AVAILABLE DATA:
Start of Block

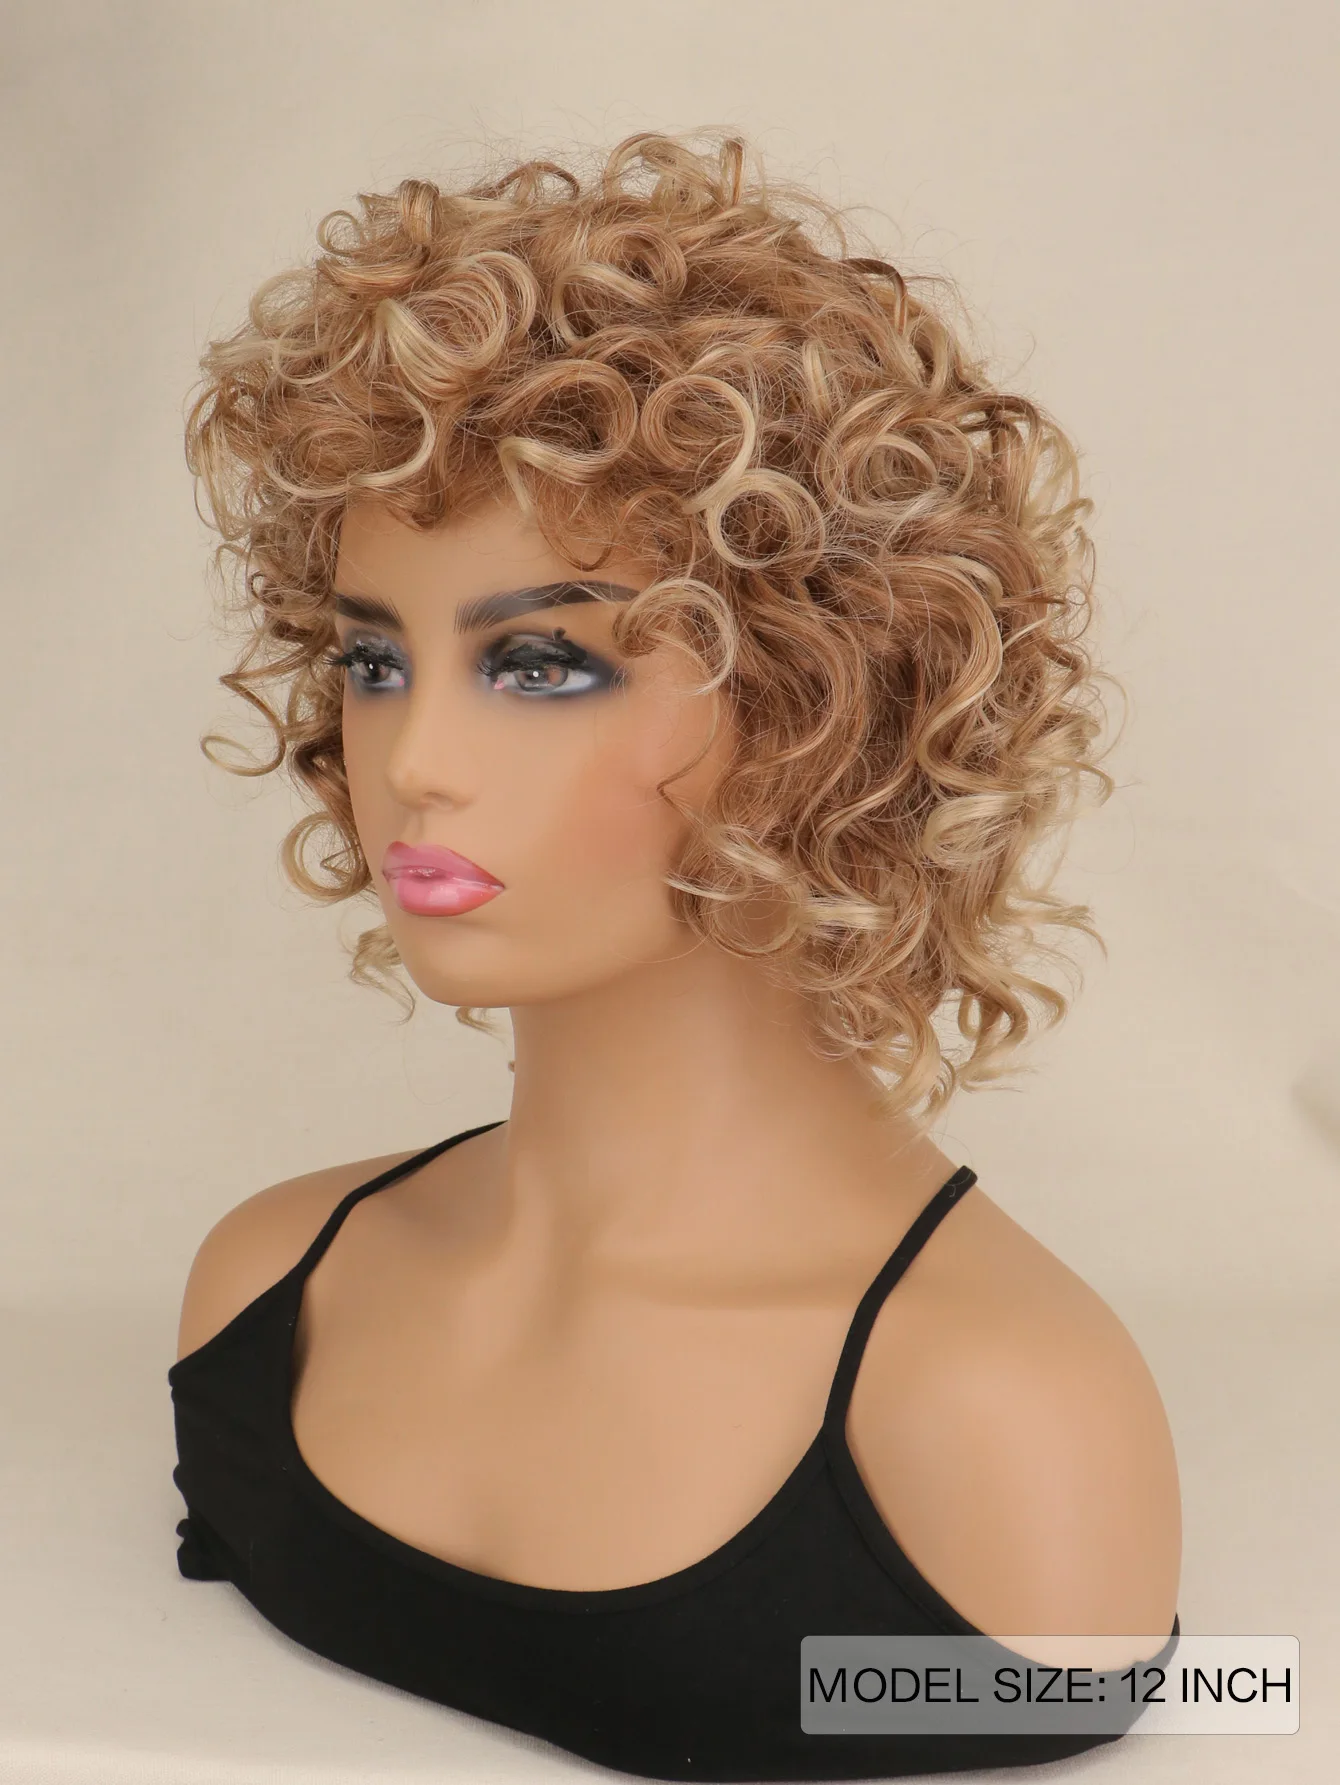 WHIMSICAL W Synthetic Women Mixed Blonde Brown Short Curly Wigs Natural Hair Wigs Heat Resistant Hair Wig for Women
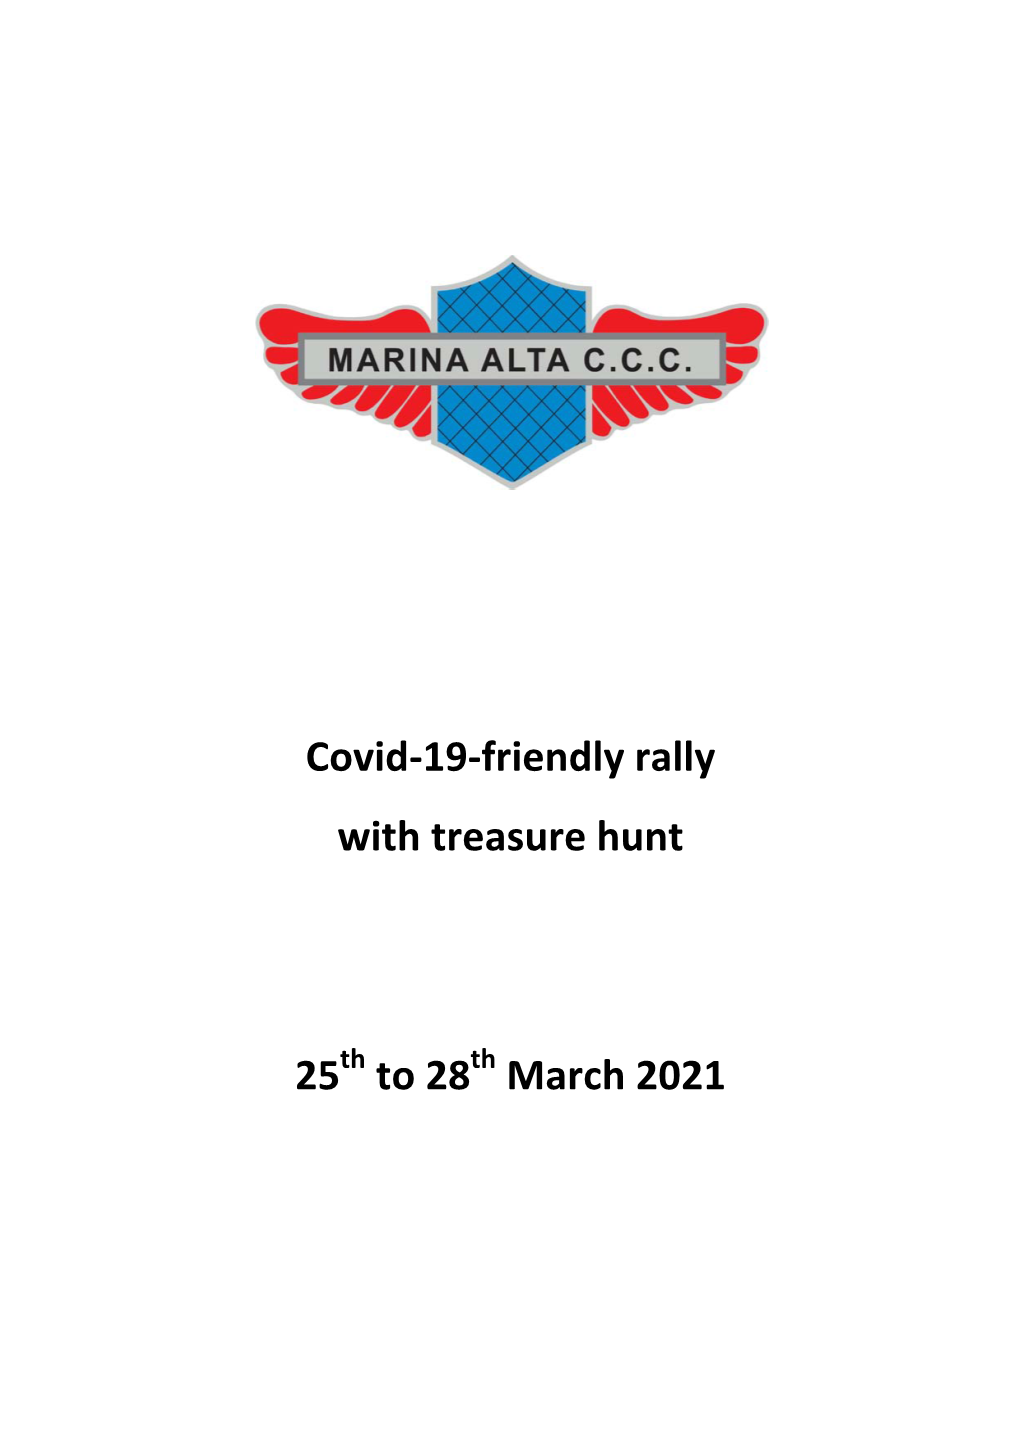 Covid-19-Friendly Rally with Treasure Hunt 25 to 28 March 2021
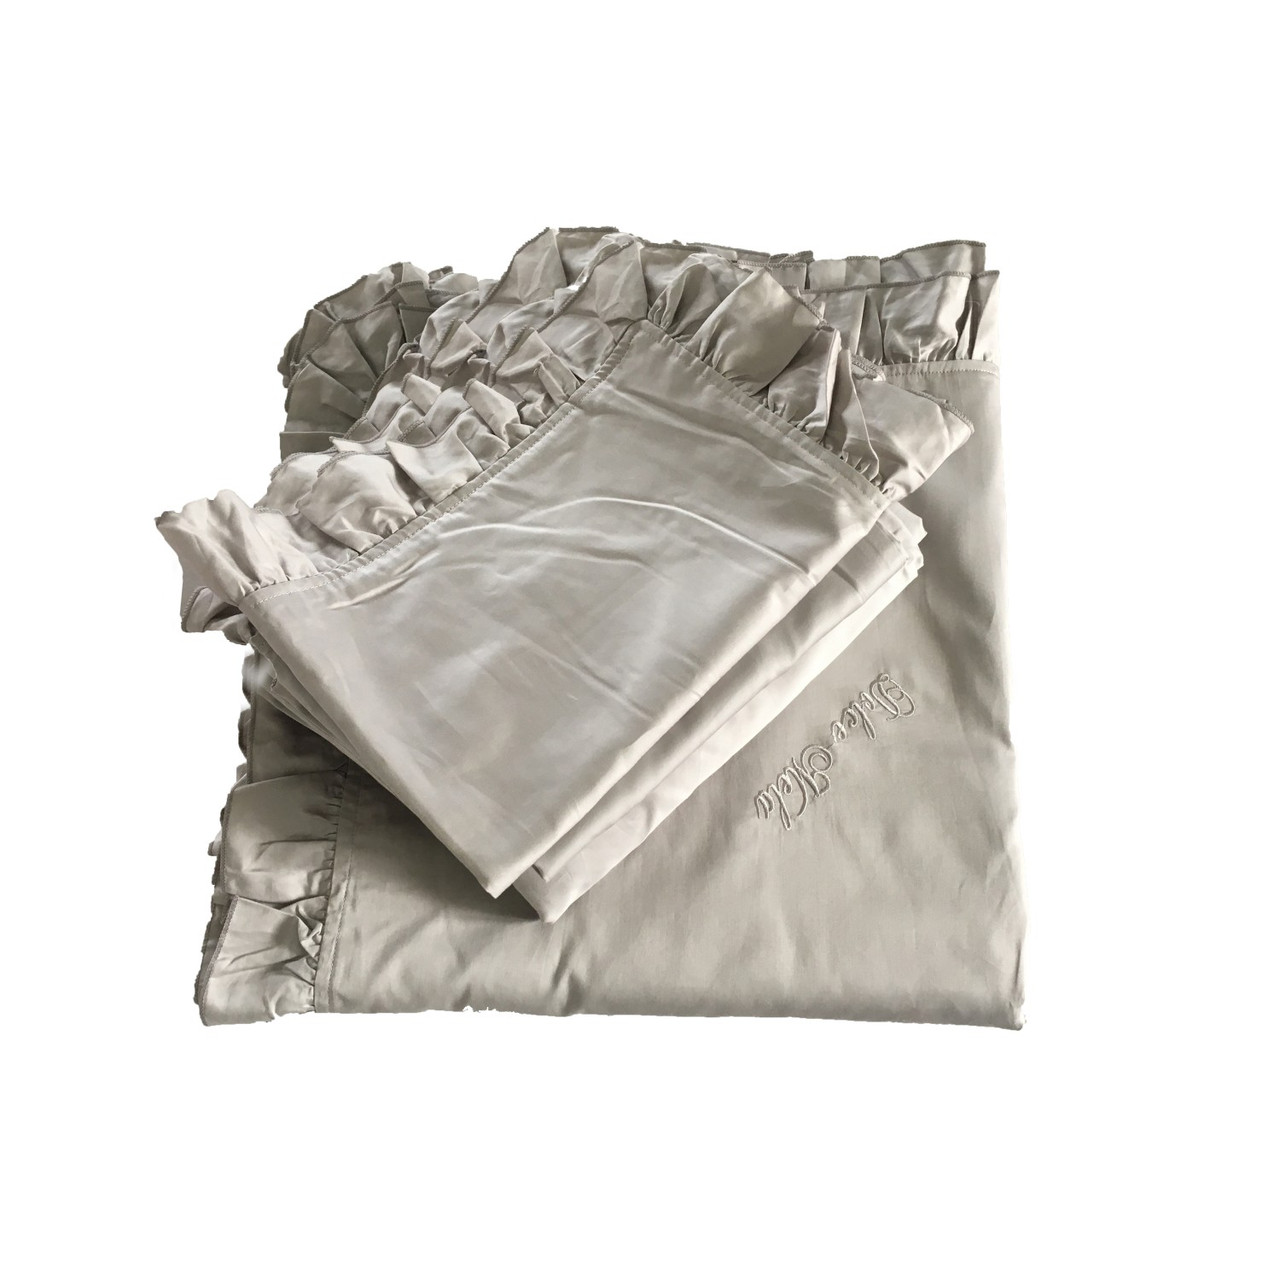 DM809T Bed-in-bag Ruffle Bedding by Dolce Mela

End of Block

WHAT IS BEING ASKED: Could you print the data exactly as it appears and keep the pictures out?

RESULT OF THE EXERCISE:
 WHIMSICAL W Synthetic Women Mixed Blonde Brown Short Curly Wigs Natural Hair Wigs Heat Resistant Hair Wig for Women
 Covid-19-Friendly Rally with Treasure Hunt 25 to 28 March 2021
 DM809T Bed-in-bag Ruffle Bedding by Dolce Mela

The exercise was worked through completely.